In [0]:
pip install fuzzywuzzy

In [0]:
pip install openpyxl

In [0]:
import pandas as pd
import numpy as np
import re
import string

import pickle
import matplotlib.pyplot as plt
import nltk
nltk.download("stopwords")
nltk.download('punkt')
nltk.download('wordnet')
from nltk.stem  import WordNetLemmatizer
from sklearn.feature_extraction.text import TfidfVectorizer
from sklearn.metrics.pairwise import cosine_similarity
from scipy import spatial
from fuzzywuzzy import fuzz

from datetime import datetime
from decimal import Decimal


In [0]:
###Load STG1 & STG2 Model Result
stg1_model_src = '/dbfs/FileStore/shared_uploads/xiaomeng.fan@aia.com/POS_MAIA_Questions_Classification_Model.sav'
stg2_model_src = '/dbfs/FileStore/shared_uploads/xiaomeng.fan@aia.com/POS_MAIA_Answer_Examination_Model.sav'

stg1_model = pickle.load(open(stg1_model_src,'rb'))
stg2_model = pickle.load(open(stg2_model_src,'rb'))

In [0]:
### Query Last Month Data
query_batch_raw = spark.sql("""
select distinct question, prediction as response, probability as confidence from hive_metastore.ops_aos_read.maia_training
where
month(current_date())-month(createdDate) = 1
and length(user_id) = 5
and appSource = 'AGIA'
and role in ('AGY', 'AFA')
-- filter not null responses
and probability is not null
""")

In [0]:
df_batch_raw = query_batch_raw.toPandas()

In [0]:
### Load MAIA Stopwords + NLTK Stopwords
stopwords_query_result = spark.sql("""
select * from ops_pos_wrk.aosda_maia_stopwords
""")

df_stopwords = stopwords_query_result.toPandas()
maia_sw_list = df_stopwords['stopword'].tolist()
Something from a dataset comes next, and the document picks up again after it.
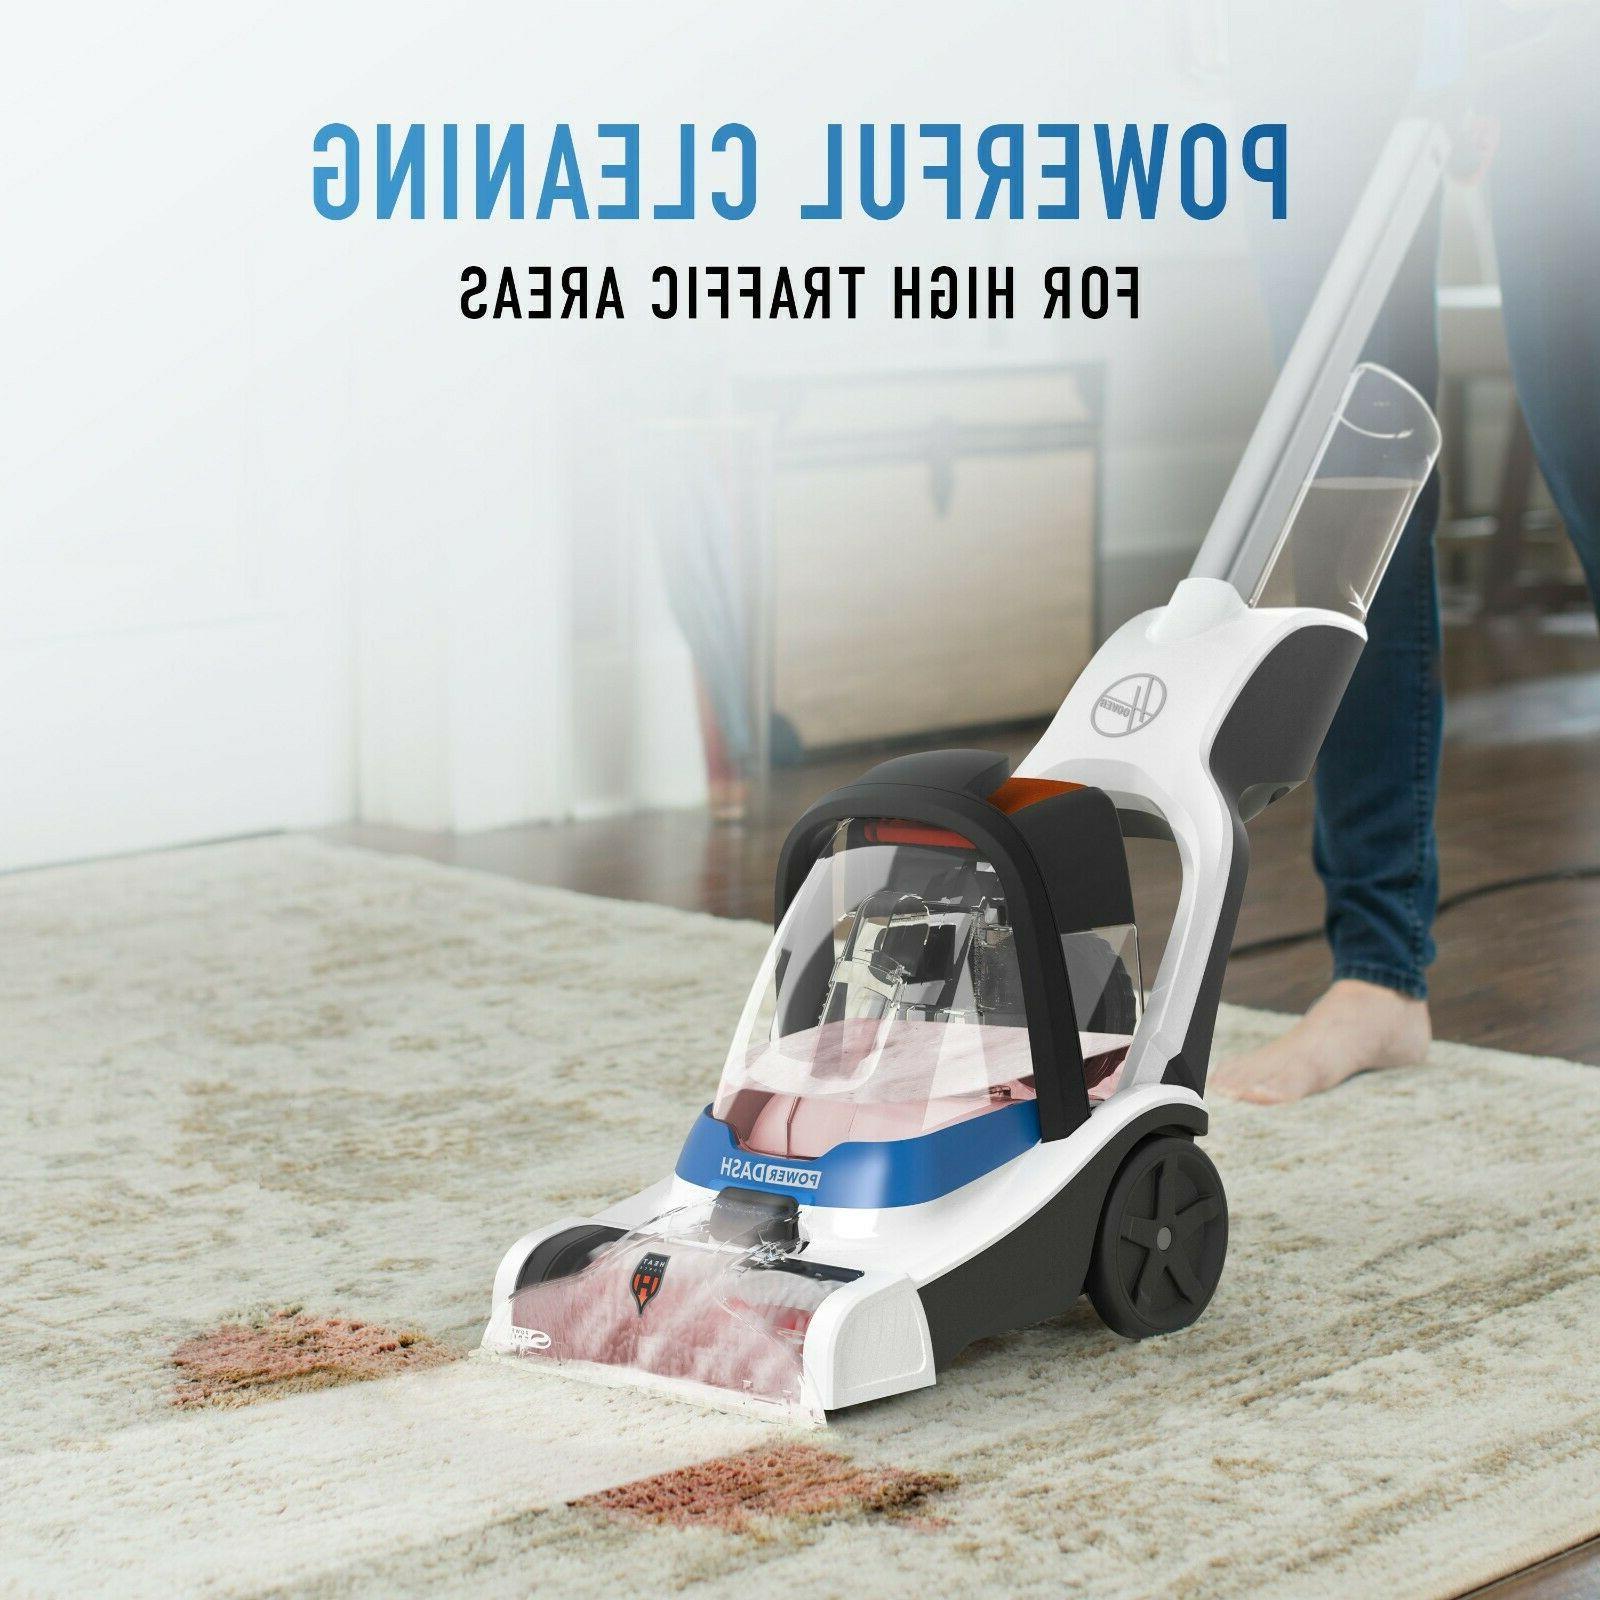 powerdash pet compact carpet cleaner fh50700us shampooer

stopword_list = nltk.corpus.stopwords.words('english')
stopword_list.extend(maia_sw_list)

Stage 1

In [0]:
### Stg1 Data Pre-processing
## Load POS Unique Term
file_path = "/dbfs/FileStore/shared_uploads/xiaomeng.fan@aia.com/"
df_pos_term = pd.read_excel(file_path+"pos_terms.xlsx")
pos_term_list = "|".join([i.lower() for i in df_pos_term['pos_terms']])

In [0]:
def qns_preprocessing(text):
  lemmatizer = WordNetLemmatizer()
  pol_format = re.compile(r'\w{1}\d{9}')
  nric_format = re.compile(r'[sfgtm]\d{7}[a-z]')
  emoji_pattern = re.compile("["
            u"\U0001F600-\U0001F64F"  # emoticons
            u"\U0001F300-\U0001F5FF"  # symbols & pictographs
            u"\U0001F680-\U0001F6FF"  # transport & map symbols
            u"\U0001F1E0-\U0001F1FF"  # flags (iOS)
                               "]+", flags=re.UNICODE)
  
  text_orig = text.lower()
  text_pol_clean = pol_format.sub('AIAPolNum',text_orig)
  text_pol_nric_clean = nric_format.sub('CustNRIC',text_pol_clean)
  text_pol_nric_posterm_clean = re.sub(pos_term_list, 'AIAPOSTerm', text_pol_nric_clean)
  text_pol_nric_posterm_dpmt_clean = re.sub(r'cnc|pos|u&i|clm','OpsDpmt', text_pol_nric_posterm_clean)
  text_pol_nric_posterm_dpmt_sw_clean = " ".join([word for word in nltk.word_tokenize(text_pol_nric_posterm_dpmt_clean) if word not in stopword_list])
  text_pol_nric_posterm_dpmt_sw_punc_clean = " ".join(word.strip(string.punctuation) for word in text_pol_nric_posterm_dpmt_sw_clean.split())
  text_pol_nric_posterm_dpmt_sw_punc_lem_clean = " ".join([lemmatizer.lemmatize(word) for word in nltk.word_tokenize(text_pol_nric_posterm_dpmt_sw_punc_clean)]) ## 1. why some have [] some dont  2. why token not split()
  
  return text_pol_nric_posterm_dpmt_sw_punc_lem_clean

df_batch_raw['qns_clean'] = df_batch_raw['question'].apply(qns_preprocessing)

In [0]:
###Load the Stg1 original cleaned data
df_stg1_training = pd.read_pickle(file_path+"stg1_clean.pkl")
display(df_stg1_training)

qns,tag,qns_clean
H223497209 giro,CNC,AIAPolNum giro
Thanks thats all,Small Talk,thats
Q514050177,Small Talk,AIAPolNum
Q514050177 dividend,POS,AIAPolNum dividend
Q514050177 dividend payment,POS,AIAPolNum dividend payment
L533278532 coupon,POS,AIAPolNum coupon
Q514050177 dividend withdrawal,POS,AIAPolNum dividend withdrawal
premium holiday,POS,premium holiday
replacement,Small Talk,replacement
yes,Small Talk,


In [0]:
###################CSV might changed the datatype, tfidf every time different

seed_num = '123'

tfidf = TfidfVectorizer(min_df = 0.002, max_df = 0.9, ngram_range = (1,2), use_idf = True, sublinear_tf = True)
Fit = tfidf.fit(df_stg1_training['qns_clean'])
features_stg1 = tfidf.transform(df_batch_raw.qns_clean).toarray()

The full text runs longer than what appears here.